One of these companies now stands to win at least $16 billion in Navy contracts to build 20 (or more) frigates at a cost of $800 million (or more) each. And the competition is heating up.

FREMM-class frigate at sea
FREMM-class frigate at sea

The FREMM frigate by Italy's Fincantieri is one leading contender to become America's next U.S. Navy frigate. Image source: Fincantieri.

RFP drops

Last week, the Navy issued its final Request For Proposals (RFP) to the remaining candidates. Each will now submit a bid to build the new frigate -- and unlike the Navy's current littoral combat ships, this frigate is going to be a beast.

The littoral combat ships that General Dynamics, Austal, Huntington, and Lockheed Martin have been building for the Navy, you see, have been criticized for lacking "teeth" -- specifically, offensive weaponry that would make them more than glorified Coast Guard cutters.
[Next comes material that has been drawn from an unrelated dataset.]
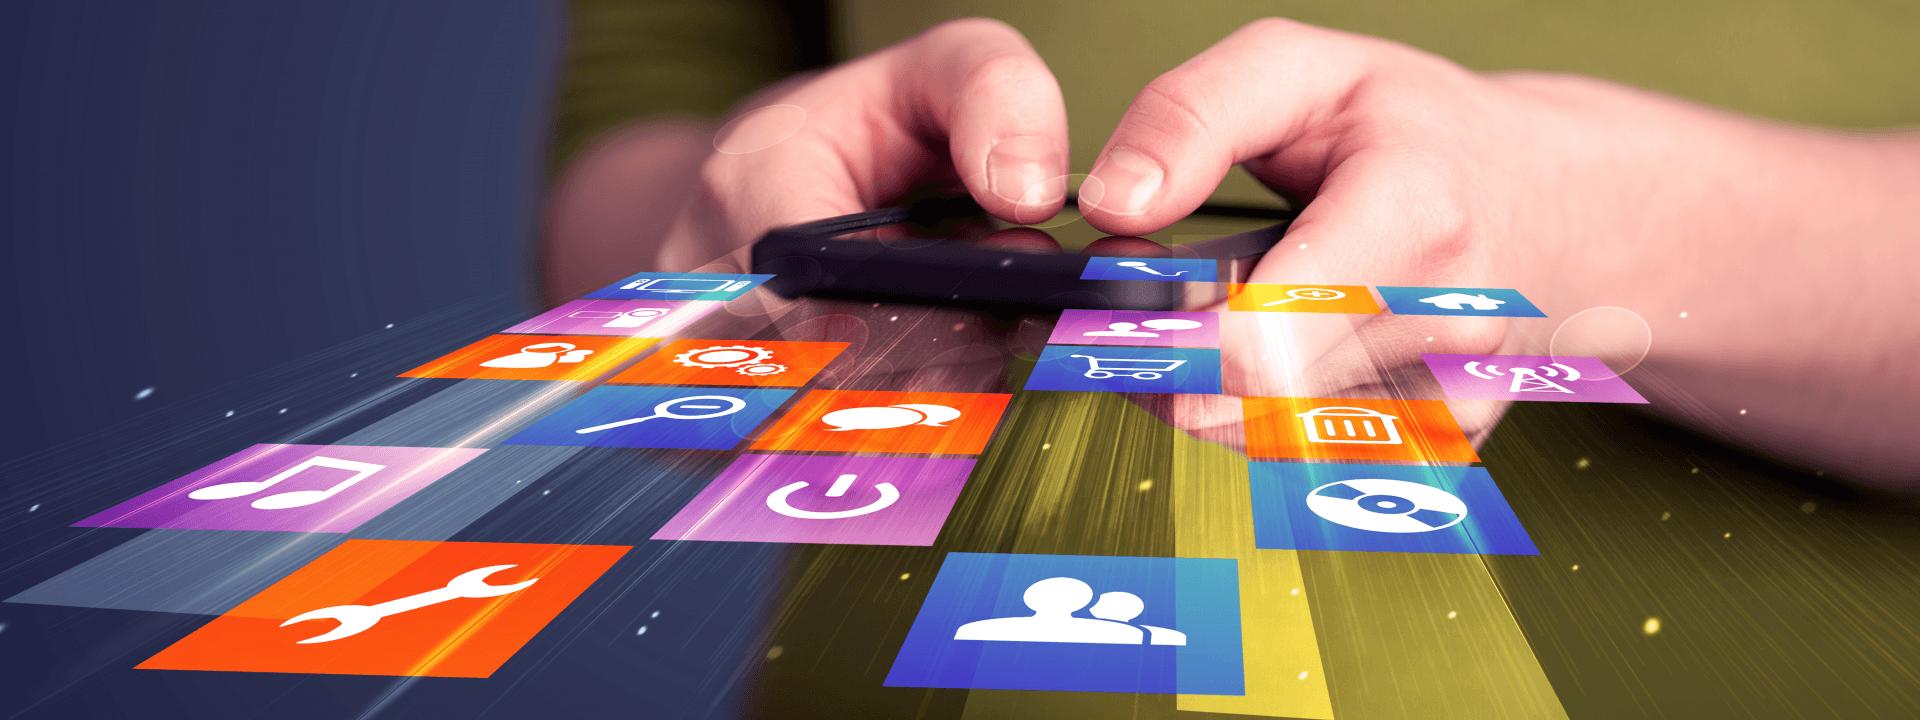 5 digitale værktøjer til effektivt samarbejde - Se her!

FFG(X) by contrast, will come armed to the teeth.

5 elements to make a winning frigate

According to the RFP, the new frigate must sport five key elements that will permit it to punch above its weight at sea:

  • At least 32 Mark 41 vertical launch system cells to fire surface-to-air missiles for aerial defense.

  • Anywhere from eight to 16 over-the-horizon anti-ship cruise missiles for naval offense.
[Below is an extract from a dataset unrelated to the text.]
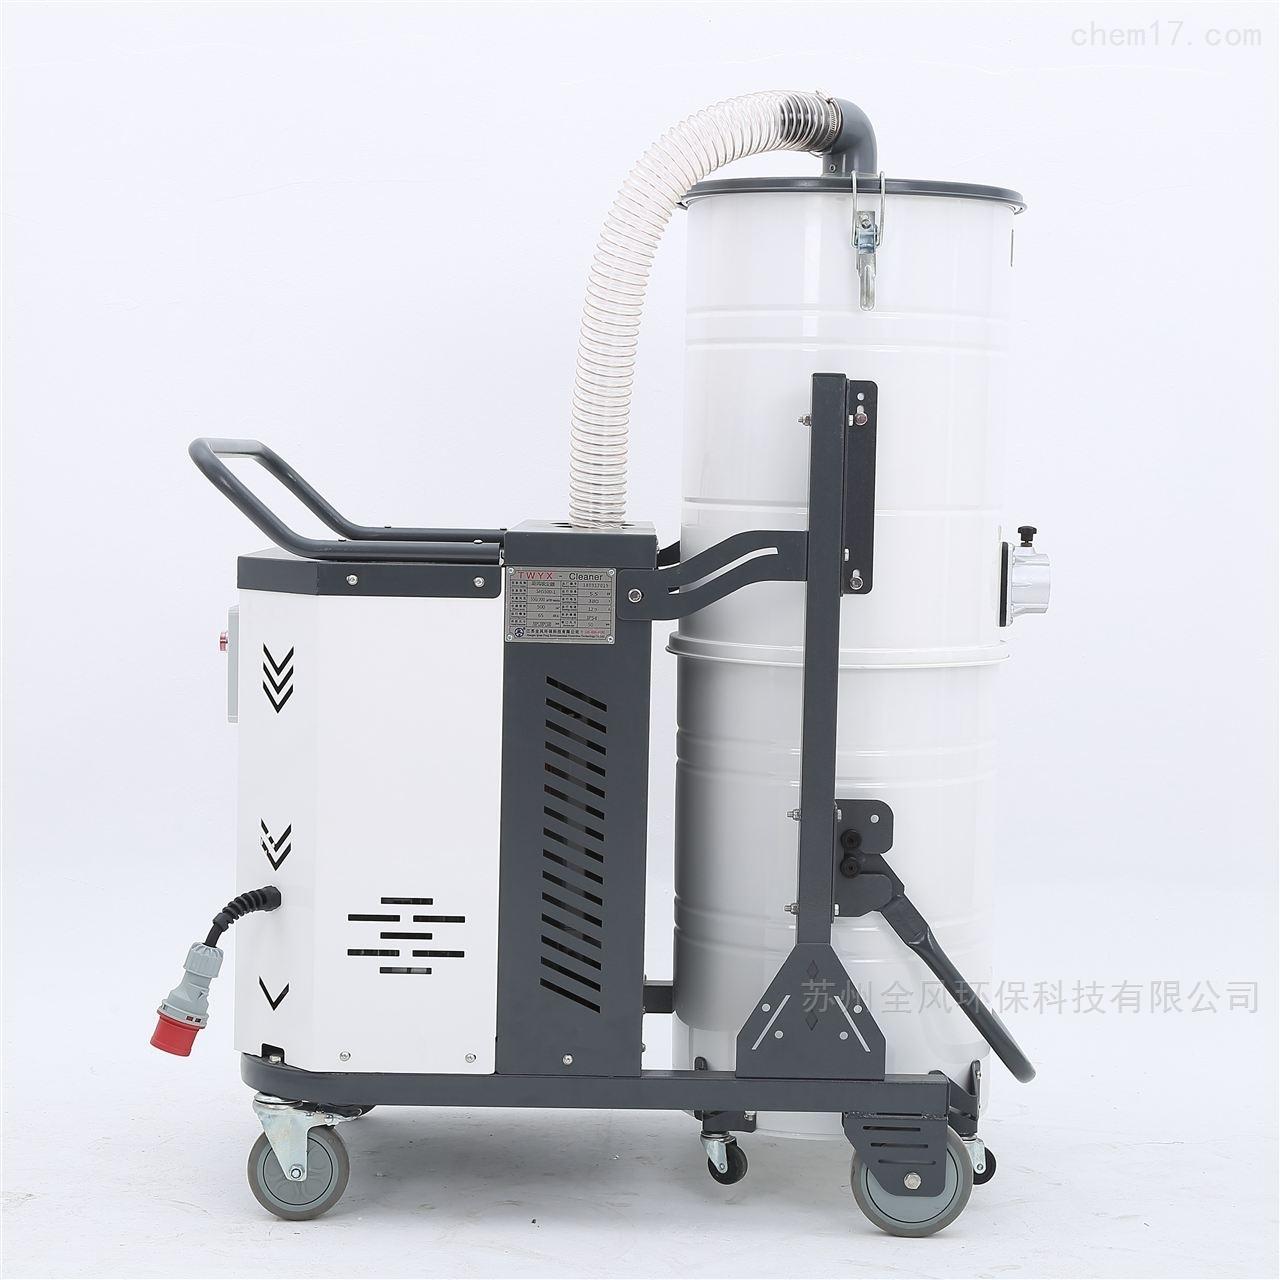 五金厂房吸尘除尘用手推式脉冲吸尘器

  • Lockheed's state-of-the-art, AEGIS-derived, COMBATSS-21 Combat Management System (see above) to tell the crew what to shoot those missiles at.

  • Space aboard to carry both an MH-60R Sikorsky Seahawk naval helicopter, and also a Northrop-built MQ-8C Fire Scout drone helicopter.

  • Room to install a 150-kilowatt laser.

That's right: This boat is going to have laser guns -- or at least the capability to support them as the Navy steps up the power of the laser cannons it's working on.